There are literally thousands of governmental entities whose governing boards are appointed by one or more general governmental entities or officials (for example, a state governor or county commissions), but the power to remove a member of the board is limited to removal for cause and, perhaps, reserved only to the state governor. Potentially affected municipal issuers include port and airport authorities, public hospital districts, public housing authorities, turnpike, bridge and expressway authorities and similar entities. If Treasury adopts the proposed regulations in their current form, the status of these entities as political subdivisions will have to be analyzed anew. If one of these entities does not have control features that are sufficient to satisfy the benchmarks identified in the proposed regulations, the entity may need to seek formal guidance from the IRS as to its status for federal income tax purposes.
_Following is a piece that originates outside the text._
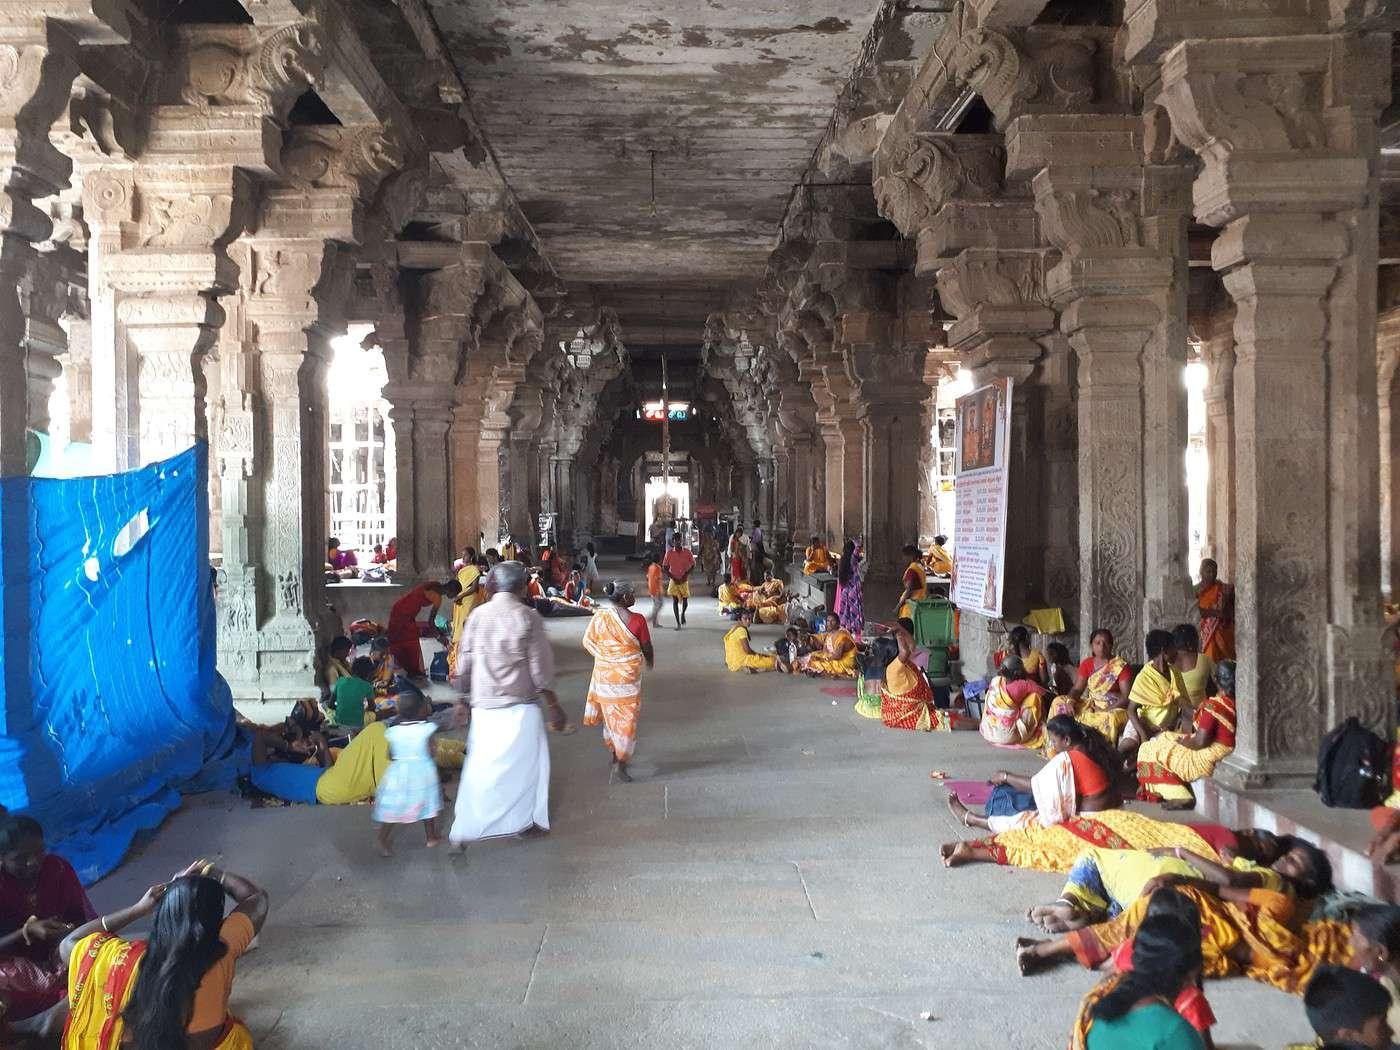 en ligne datant de Madurai Vitesse Meetup datation Portland

Also, the Preamble to the proposed regulations states that the proposed regulations would not apply for purposes of the rules covering retirement plans sponsored by state and local governmental entities under Section 414(d) of the Internal Revenue Code. But the definition of a political subdivision is relevant for many other purposes under the Code, such as exemptions from income taxes, payroll tax matters, special depreciation rules, the rules on charitable contributions and many other tax sensitive matters. It is not clear what effect, if any, the proposed regulations will have on the status of an entity as a political subdivision under these other provisions. Additionally, the definition of “political subdivision” for purposes of federal securities laws has also utilized the IRS definition by analogy. If narrowed as proposed, would that also affect the exemption from registration under federal securities laws for bonds issued by these governmental entities?
What About Bonds That are Already Outstanding?
The regulations are merely proposed at this point. If Treasury finalizes these regulations, the final regulations will apply to bonds issued more than 90 days after the effective date of the final regulations, which is the date that Treasury publishes the final regulations in the Federal Register. However, the final regulations will not apply to any current or advance refunding bonds issued after the effective date of the final regulations that are issued to refund bonds issued before the effective date, as long as the refunding bonds do not extend the remaining weighted average maturity of the refunded bonds.
What You Can Do
It is very important that the Treasury and IRS be made aware of the sweeping (perhaps unintended) effects the Proposed Regulations could have on a variety of traditional municipal issuers. You can comment on the proposed regulations, either by uploading documents or typing the comments in directly, on the federal government’s regulations website. As noted earlier, comments are due by 11:59 p.m. EDT on May 23. If you want to speak at the IRS hearing in Washington DC on June 6, you must submit a request by May 23.